Tuesday, August 08, 2006

Compassionate elephants

The Popbitch crew - currently on holiday - love animal tales so here's one hot off the PA wires. I don't know why compassion is described as a "human-like" attribute in the report below: you have only to watch a great number of species with their young to recognise compassion - which I define as the ability to be aware of pain in others coupled with a desire to relieve it.
But is Anna Wintour compassionate? Does she sense the imprinted pain in the creatures whose skins adorn her skeletal body? Or should Ms Wintour be shot?
Where's my compassion?

Elephants pay their respects to lost loved ones and venerated leaders in a way that suggests a human-like capacity for compassion, scientists said today.
They came to the conclusion after watching how elephants on a Kenyan game reserve behaved towards a matriarch who fell ill and died.
The dying elephant, named Eleanor by the researchers, was first assisted by an unrelated matriarch from another family.

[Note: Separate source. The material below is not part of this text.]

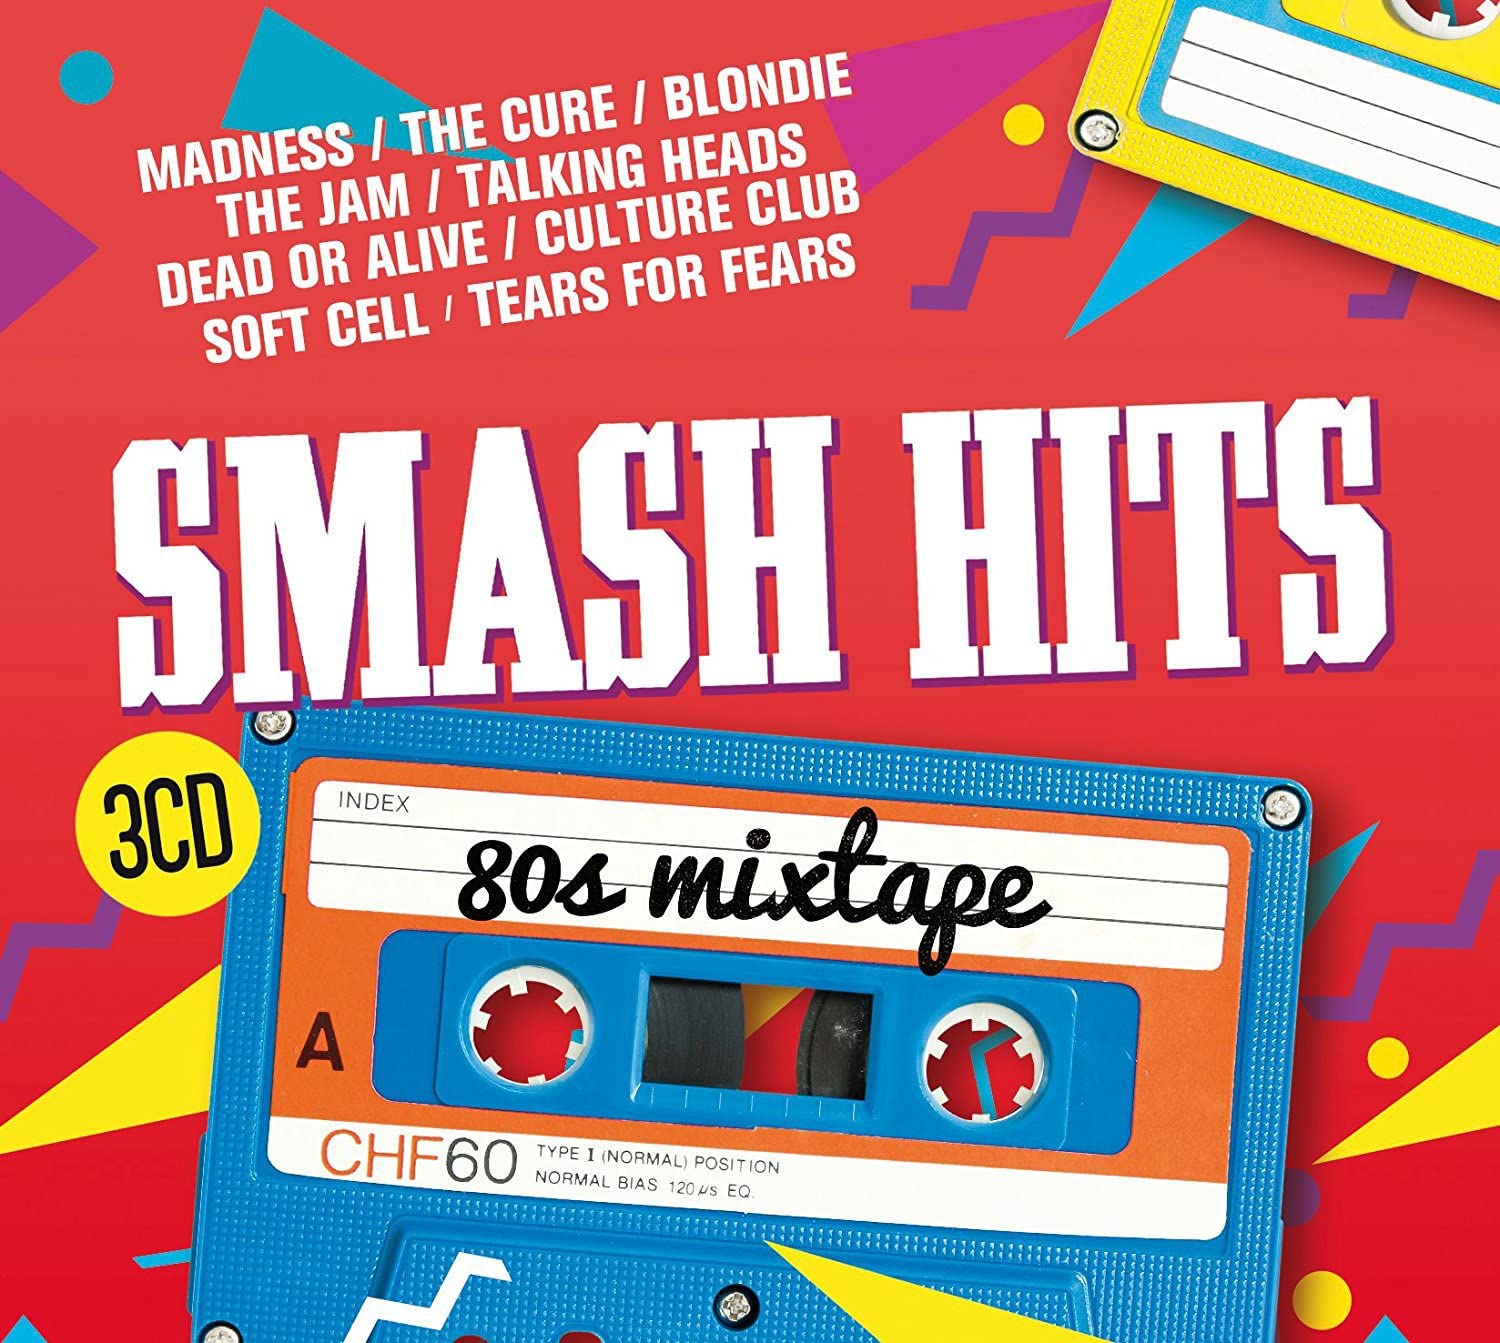 Smash Hits 80s Mixtape 3 x CD SET

At one point the helper, called Grace, was observed lifting the collapsed animal to her feet using her tusks.
When Eleanor fell again, Grace tried again to lift her up, this time without success.
Eleanor died where she fell, and was subsequently visited by elephants from her own and four other families.

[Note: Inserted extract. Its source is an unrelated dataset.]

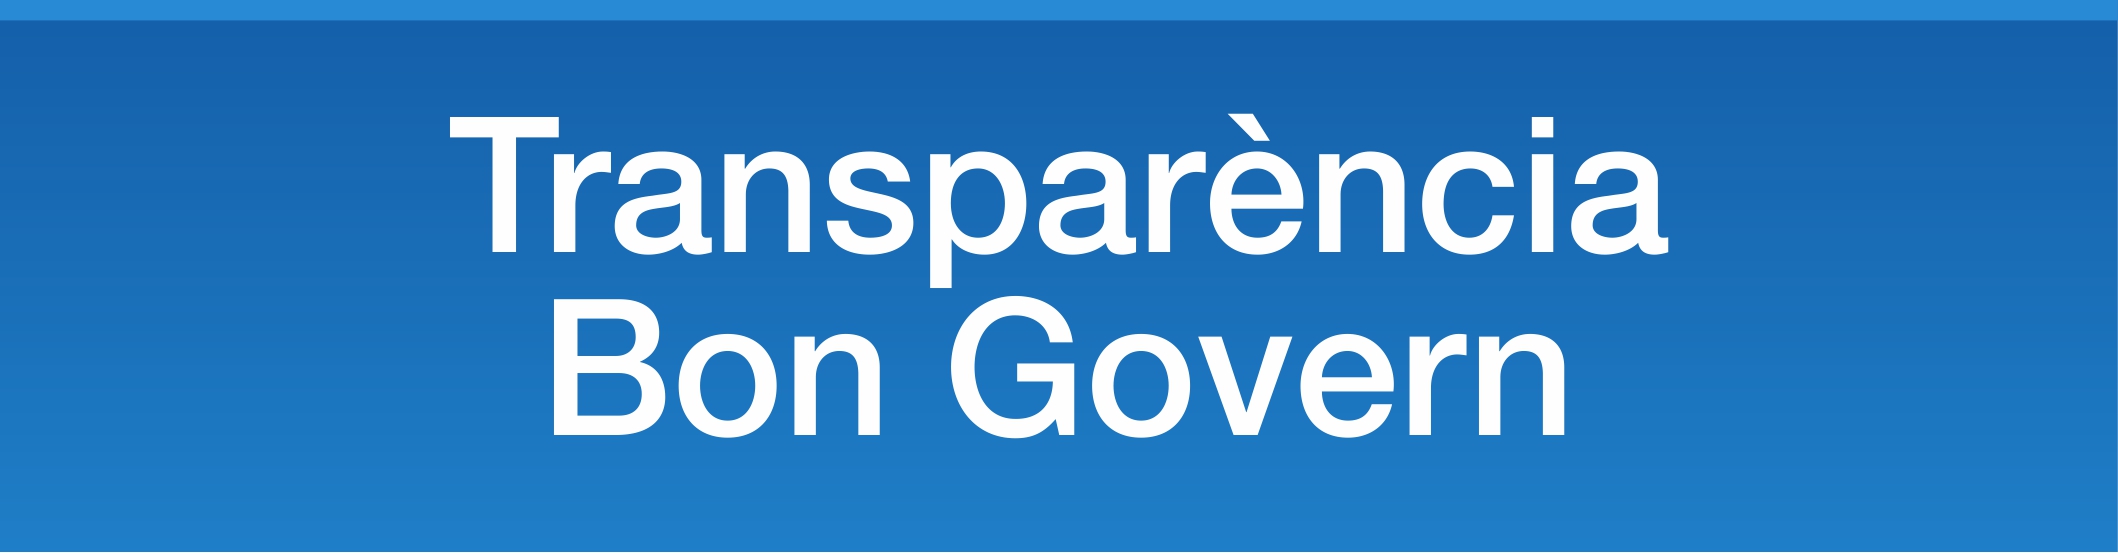 Banner transparencia

The animals showed a distinct interest in the body, sniffing it with their trunks, hovering a foot over it, or nudging it with their tusks.
Some of the visiting elephants had previously had no association with Eleanor, said the scientists.
Elephants appeared to be interested in sick, dying or dead members of their community even when they were unrelated.
"It leads to the conclusion that elephants have a generalised response to suffering and death of con-specifics and that this is not restricted to kin," the scientists wrote in a paper to be published in the August issue of the journal Applied Animal Behaviour Science.
The research was led by Dr Iain Douglas-Hamilton, from the Zoology Department at Oxford University, who founded the charity Save the Elephants.
With US colleagues from the University of California, his team monitored members of a population of 900 individually known animals on the Samburu National Reserve in northern Kenya.
Movements of 50 of this group are constantly tracked using global positioning satellite (GPS) collars.
The researchers also took automatically dated and timed photographs to record elephants visiting the dead matriarch.
Most animals apart from humans seem to show little interest in the dead bodies of their own species.
However chimpanzees, dolphins and elephants are all known to show concern for the sick and dead.
Dr Douglas-Hamilton said: "This behaviour in an animal species can be compared to human behaviour, and indicates that such feelings as compassion may not be restricted to our species alone."